Их сосед — коллега мужа — ведет изъеденный ржавчиной автомобиль по проселочной дороге, затем выезжает из городка на импровизированное гравийное «шоссе». Их машина одна из многих: на дороге вытянулся целый караван из побитых жизнью драндулетов. Рут сидит на заднем сиденье рядом с женой соседа, на коленях у нее корзина с рулетиками. Все началось с дружеского приглашения, прозвучавшего среди болтовни и сплетен нескольких женщин в продуктовом магазине, это было раньше на неделе, а теперь вот двинулись одновременно в путь почти сорок человек. Побег на выходные от безотрадного однообразия жизни к небольшому парку вниз по течению Колумбии2, подальше от колоссальной стройки самой большой в мире дамбы, которая через несколько лет должна будет обуздать реку и заставить ее делиться энергией с людьми. Женщины устроят пикник — в складчину, из того, что могут себе позволить, будут болтать и присматривать за детьми. Мужчины будут есть, пить, жаловаться на жен, на работу, на жизнь, а затем поднимутся по тропе: восемь сотен футов вверх, до самой вершины древнего вулканического образования, что носит название Бикон-Рок3.

Жена соседа оживлена, взволнована, тараторит без умолку. Зовут ее то ли Билли, то ли Бетти, то ли Бекки — какое-то дурацкое детское имя. Она на четвертом месяце беременности и благодарит судьбу — бесконечно и громогласно — за то, что ее муж жизнь кладет на Управление промышленно-строительными работами4, а в стране ведь столько безработных! Что-то о Депрессии. Что-то о городке. Что-то о школах. Рут не слушает. Она скалит зубы в улыбке, кивает, издает идиотские кудахтающие звуки, как это обычно делают прочие жены, все эти набитые дуры.

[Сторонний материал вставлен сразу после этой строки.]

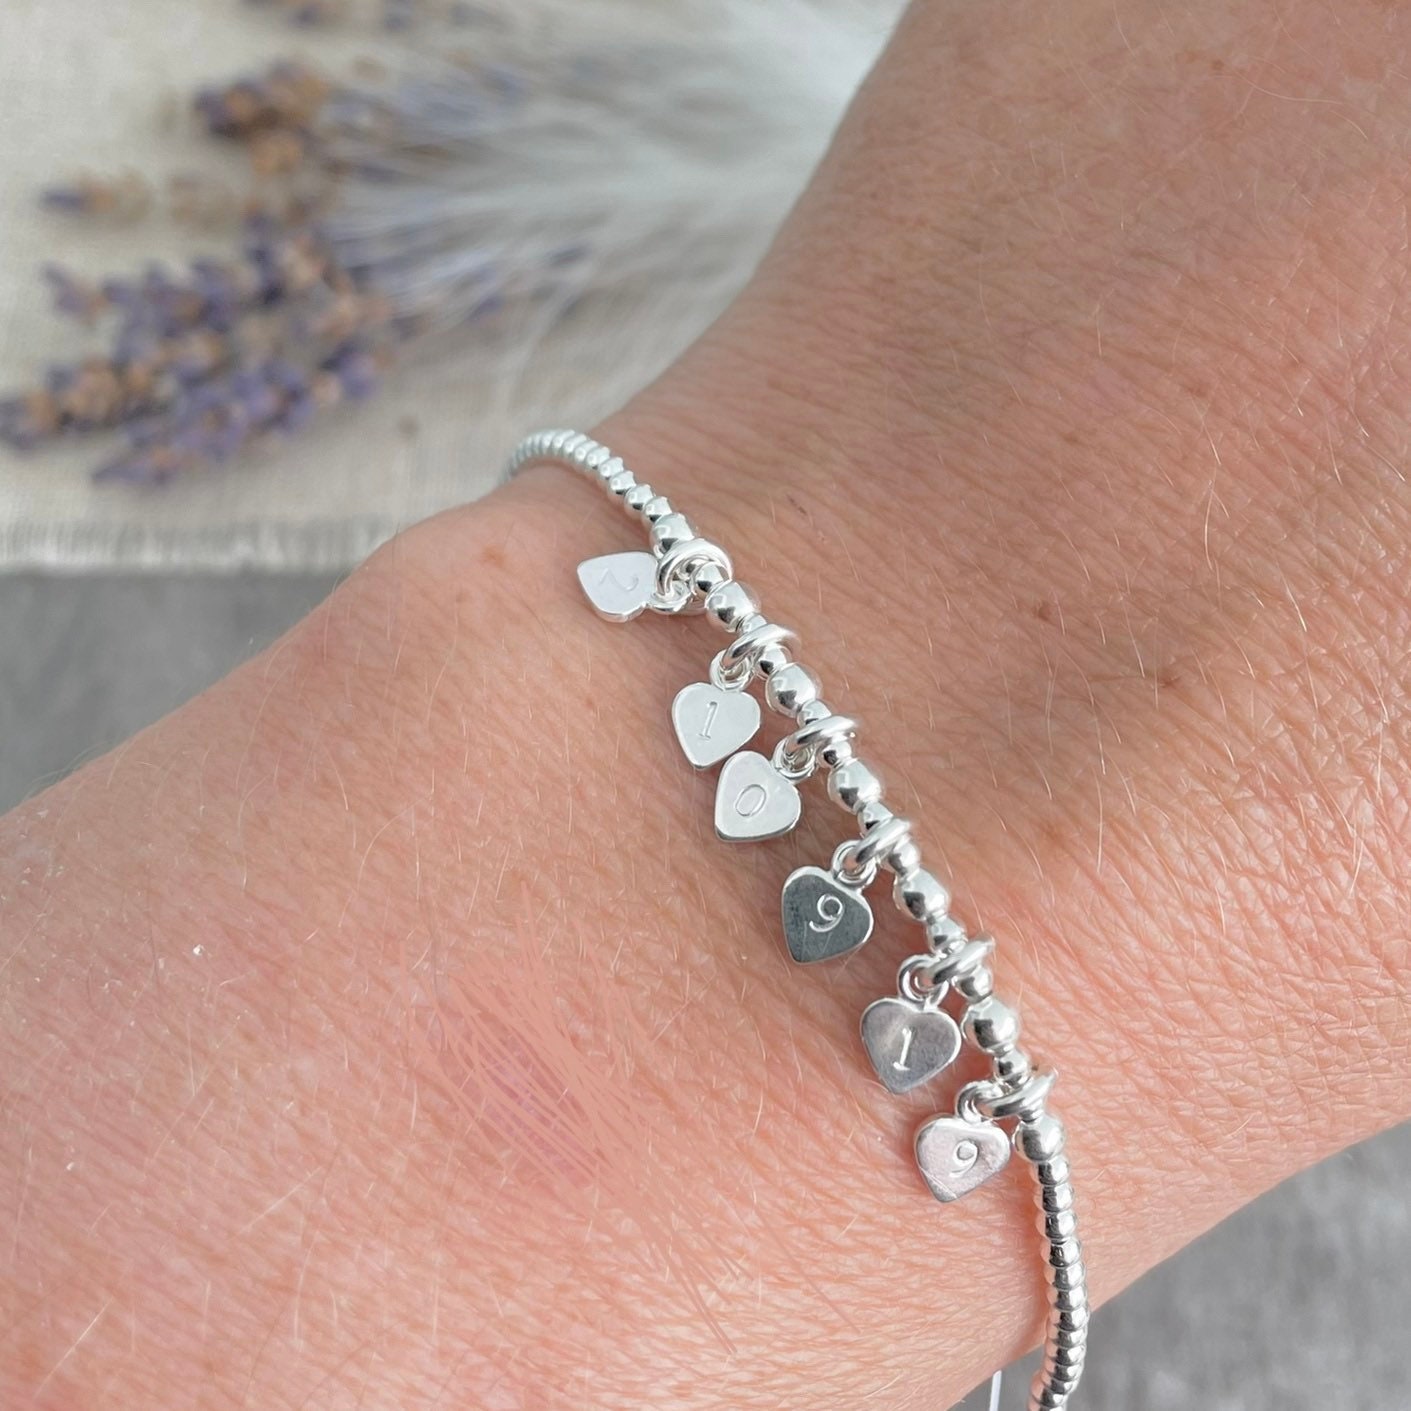 Bracelet for new mum, Dainty Date Bracelet with Baby Birth Date in Sterling Silver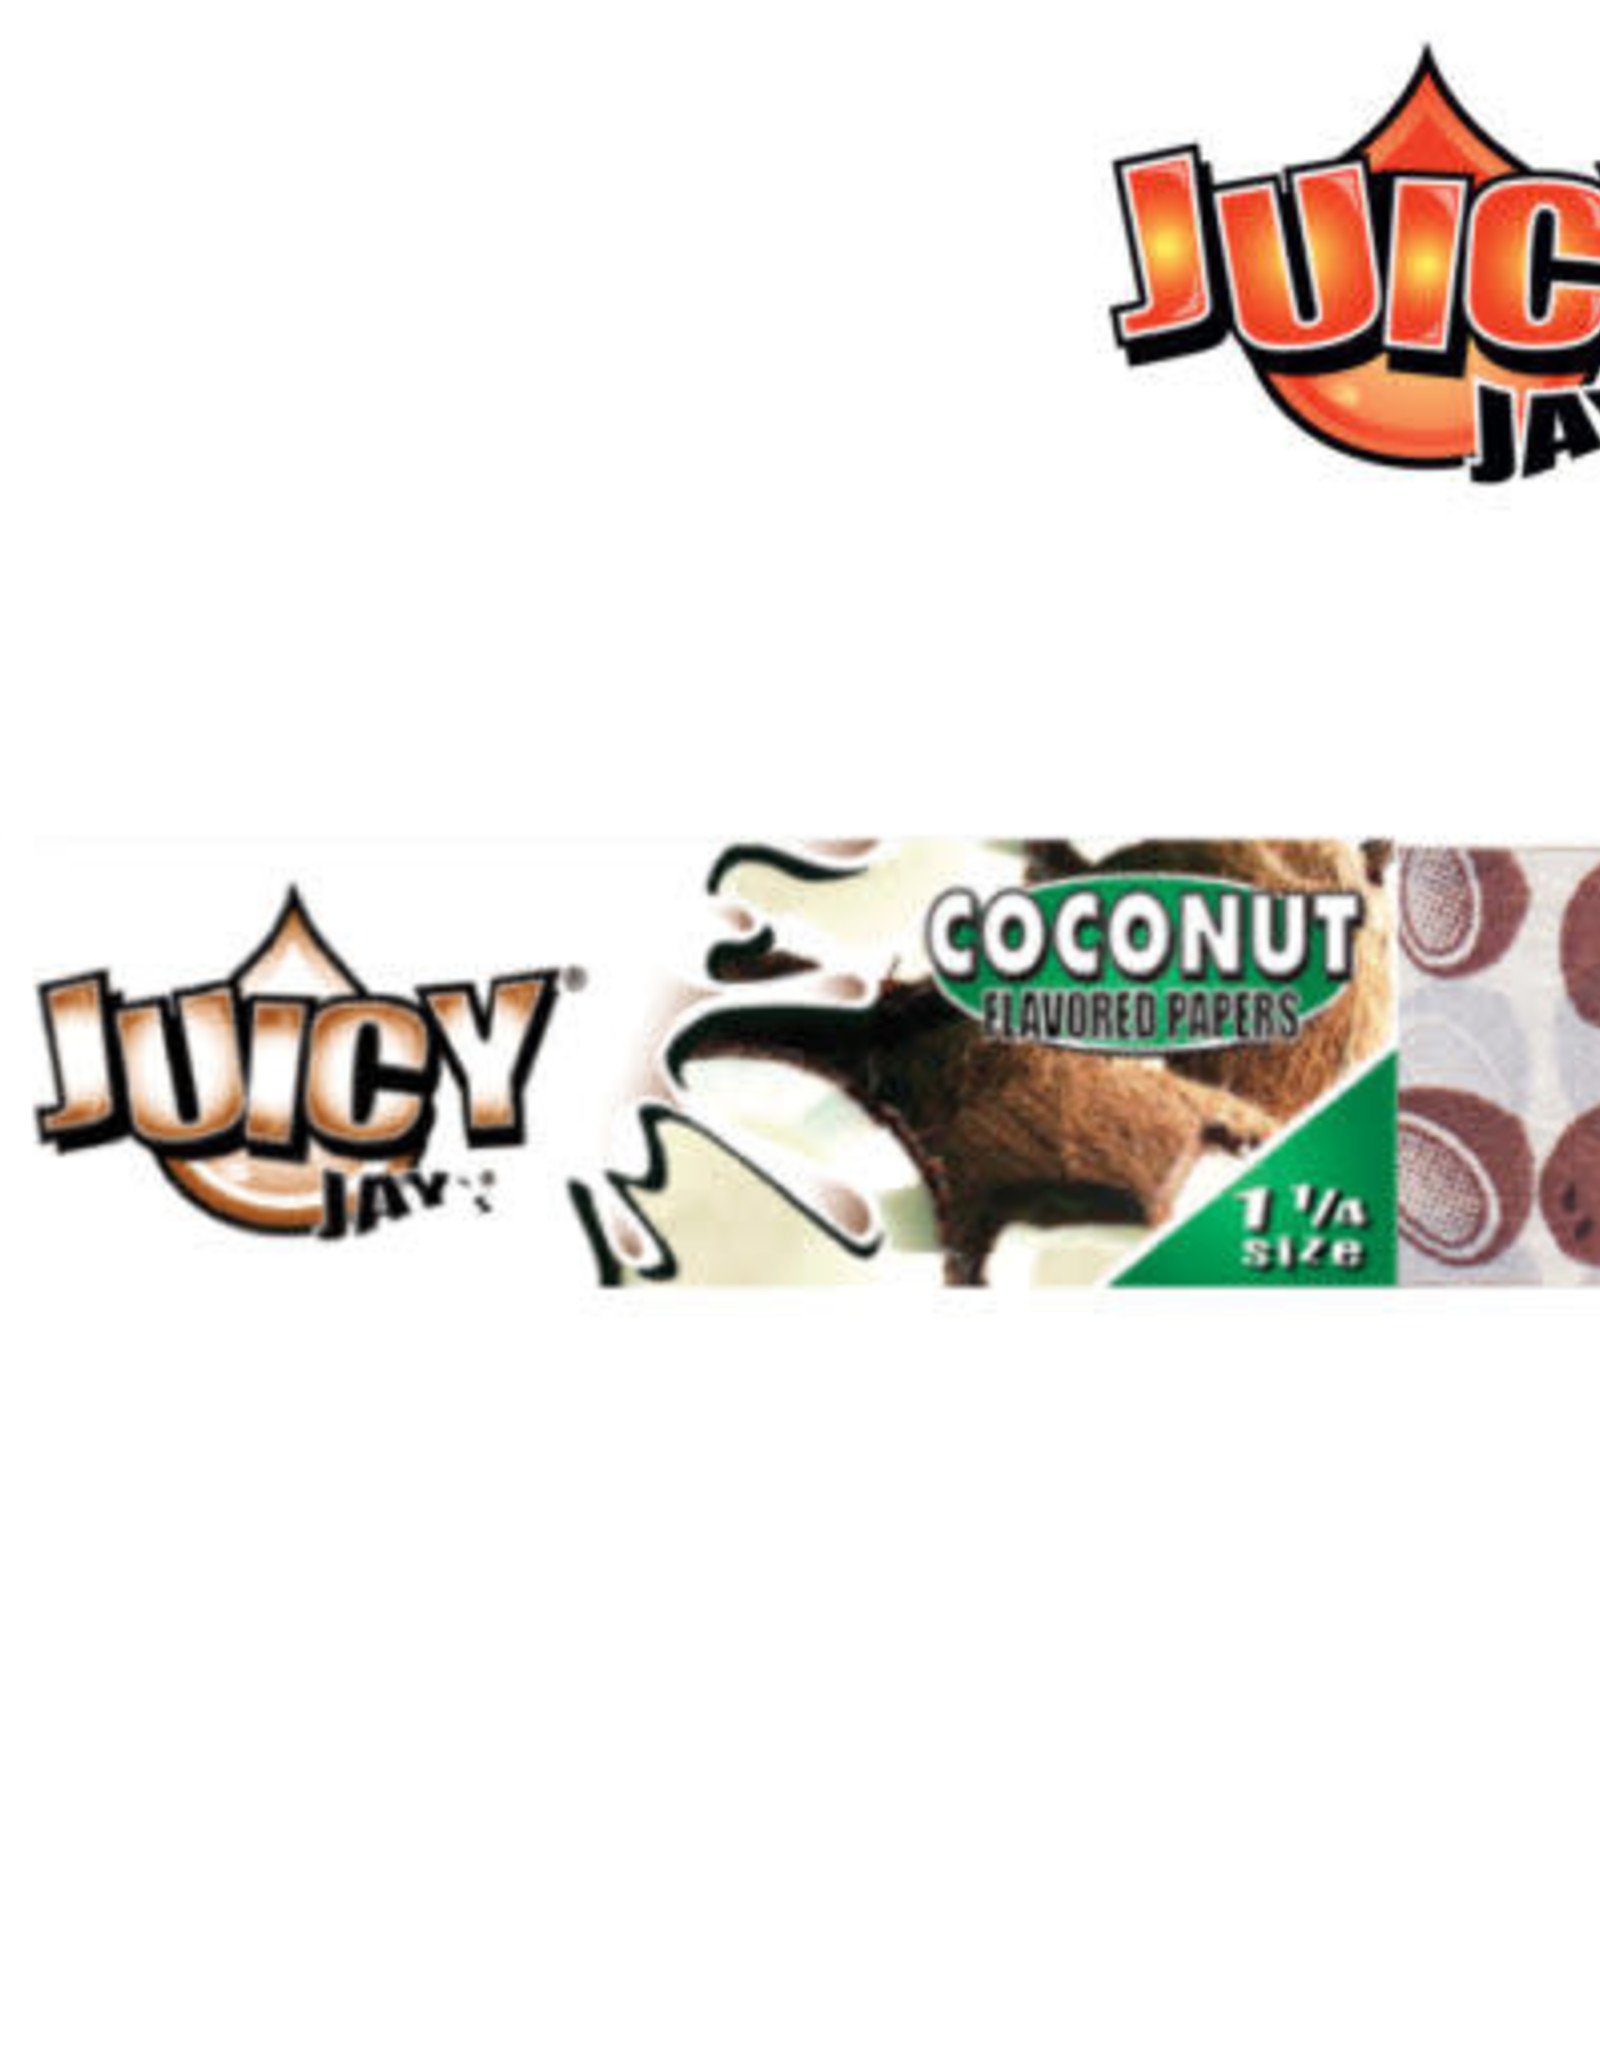 Juicy Jays's JUICY JAY'S ROLLING PAPERS 32PK 1 1/4 Size COCONUT

Проходит два часа среди рева и дребезжания двигателей развалюх, вдоль дороги монотонно вздымаются поросшие соснами холмы. Образ пальмы покинул ее сознание. Она на газоне одна, а над ней — изломанный зев неба.

Что-то о платьях. Что-то о пикнике. Что-то о пещере…

Рут вся внимание. В руках у нее карта — грубое изображение чего-то похожего на зазубренное сверху яйцо, покрытое зигзагообразными линиями. Это тропа, по которой пойдут мужчины, объясняет то ли Билли, то ли Бетти. Больше пятидесяти крутых поворотов, настоящий лабиринт!

Их караван остановился. Рут протирает глаза. Она привыкла к тому, что время иногда как будто ускользает. Монотонная жизнь уходит, словно вода в отлив, пока она грезит наяву. Пошатываясь, Рут вылезает из машины и хватается за дверцу. Мир превратился в стального цвета котел, полный головокружительной тишины, крохотный, но в то же время бесконечный. Кругом горы, небо и пустота, шум реки похож на слабый комариный писк. К горлу подкатывает тошнота, уши наполняет едва слышный болезненный звон. Она чувствует себя в стельку пьяной, потерянной. Где-то там голос Генри: «Обернись, посмотри!» «Вот оно», — он дергает ее за рукав, как ребенок. Рут резко оборачивается, слезящиеся глаза оглядывают горизонт, всматриваются, пока наконец она…

Что-то о…

…скале.

Рут поднимает голову. Она сидит за кухонным столом, рядом — чашка остывающего кофе. Альбом с вырезками лежит перед ней, рука, начавшая было переворачивать страницу, застыла. На странице женщина где-то в тропиках прислонилась к стволу пальмы посреди травяного моря, словно чего-то ждет.

Генри стоит перед ней, уже в шляпе. Он говорит:

— Рут, хватит спать. Давай надевай пальто. Время ехать.

— Куда?

— Как мы и планировали. К Бикон-Рок.

Часы на книжном шкафу бьют десять.

Снаружи она слышит звенящий гул самолета — сначала нарастающий, затем стихающий по мере того, как тот пролетает мимо. Рут трет глаза, пытаясь сосредоточиться. Каждый день в этом сером, забытом богом городке похож на предыдущий. Неотличимый. Неизменный. Она не помнит, как встала сегодня, как оделась, как приготовила кофе. Но есть что-то еще — что-то там снаружи: некое присутствие, всепоглощающая черная волна статического звука, набирающая силу за стеной утренней тишины, где-то там, за пределами торжественной песни двигателей самолета. Она морщит лоб, пытаясь это расслышать.

Генри что-то говорит, слова звучат как гул камнепада. Рут его не понимает.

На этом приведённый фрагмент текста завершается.